The listing is to be transcribed in full, with its images left out.
=== Source material ===
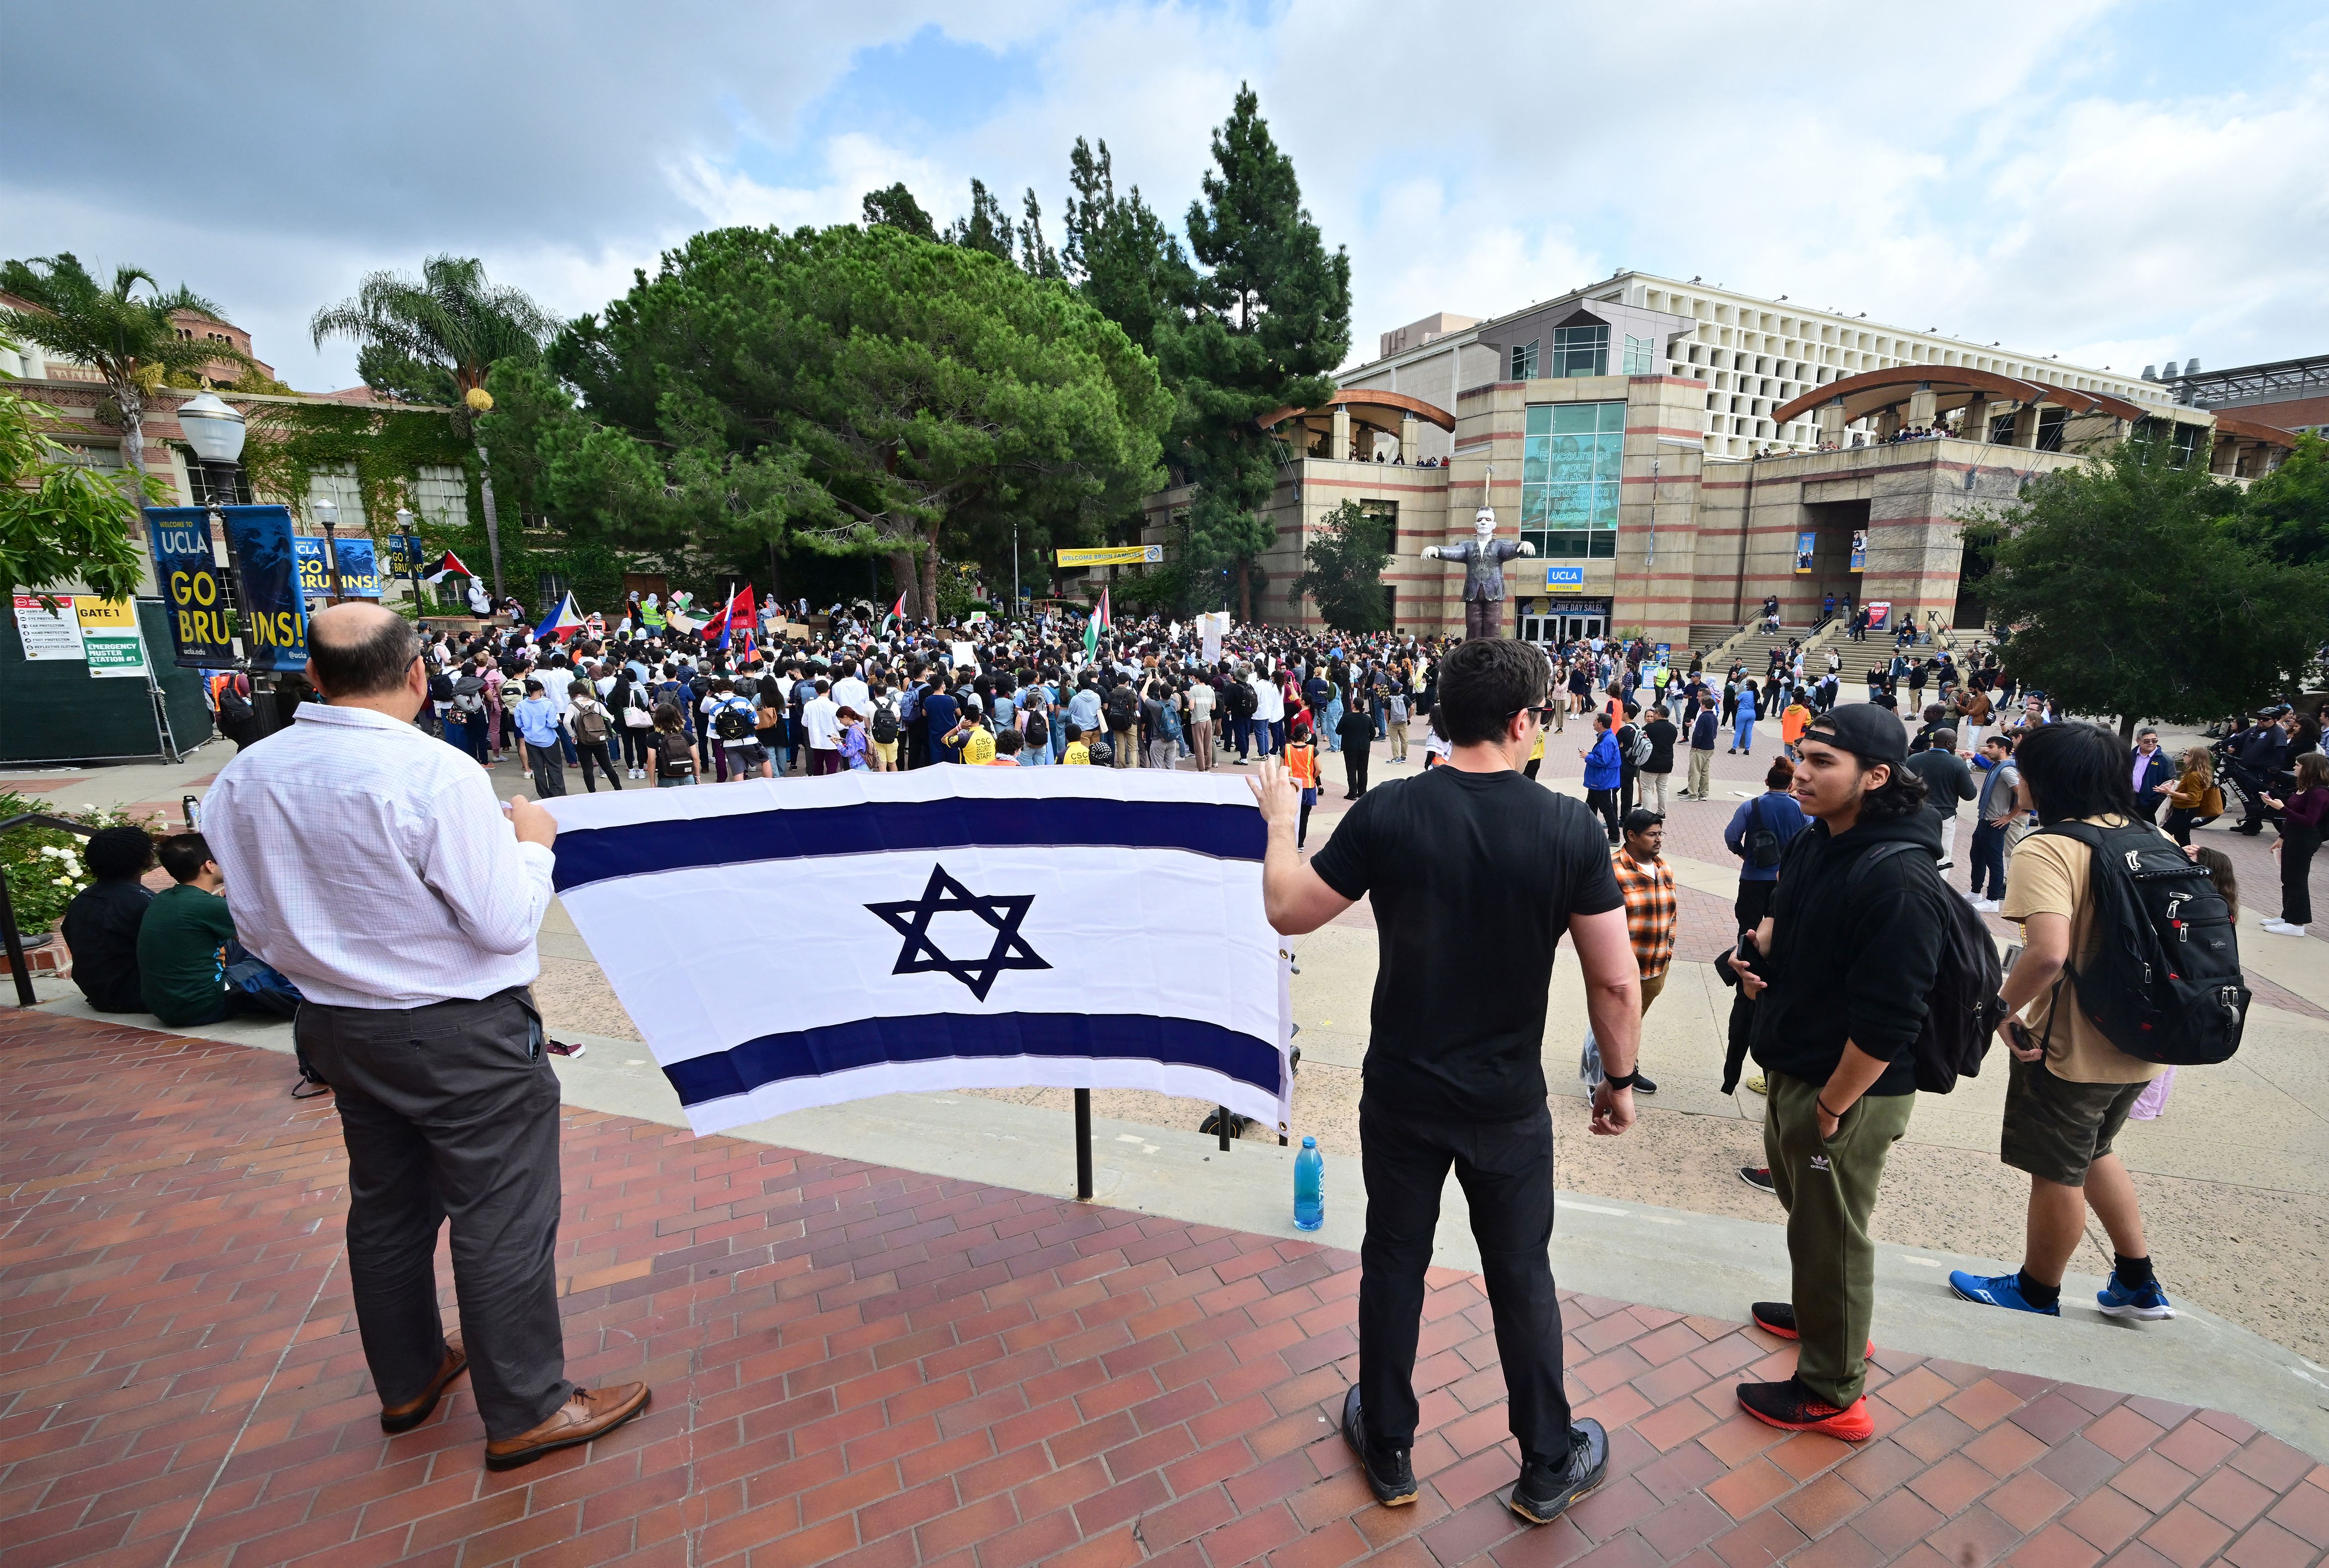 UC leaders maintain their condemnation of the Oct. 7 Hamas attack on Israel.
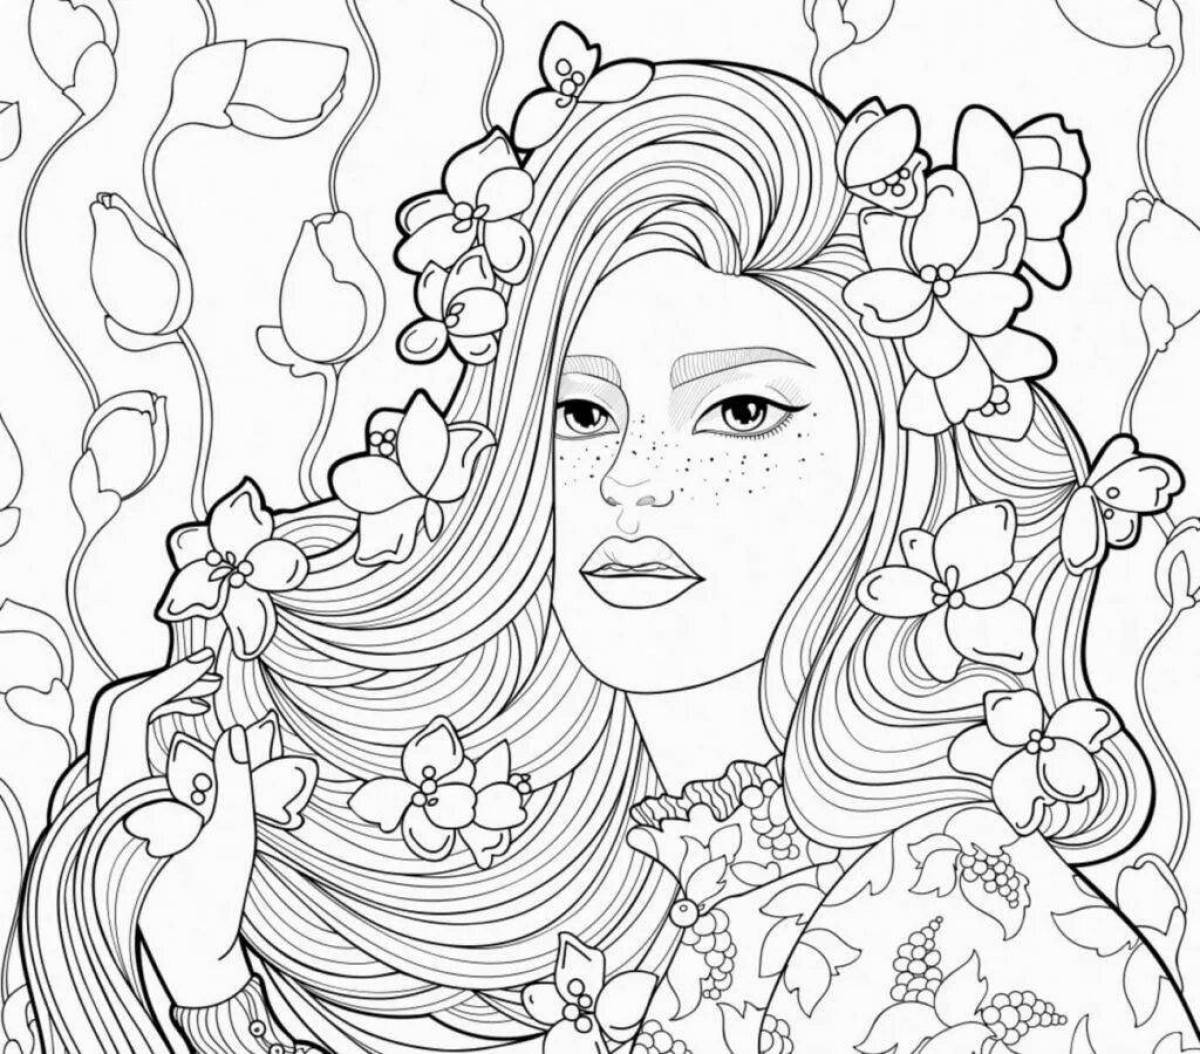 Exquisite coloring book for 18 year old girls
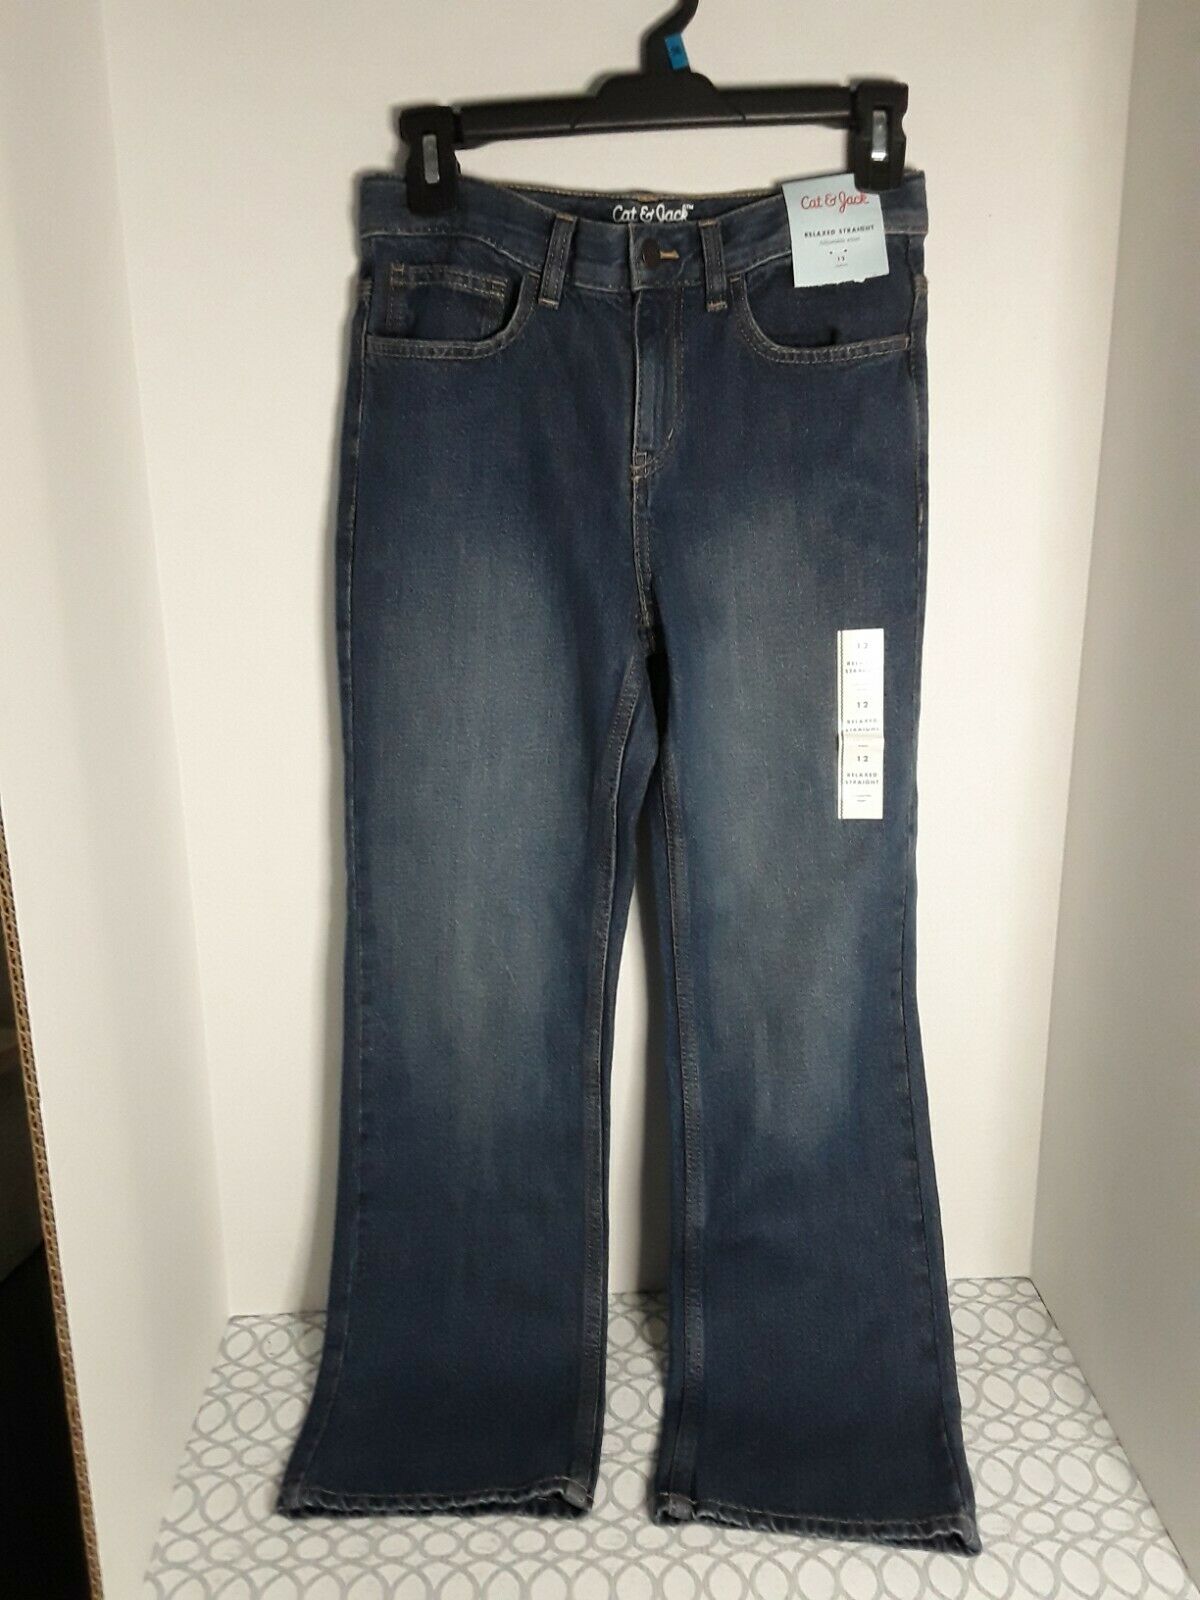 Cat & Jack Kids Relaxed Straight Adjustable Waist Blue Jeans Size 12 New
===
◆ **Your solution**:
 UC leaders maintain their condemnation of the Oct. 7 Hamas attack on Israel.
 Exquisite coloring book for 18 year old girls
 Cat & Jack Kids Relaxed Straight Adjustable Waist Blue Jeans Size 12 New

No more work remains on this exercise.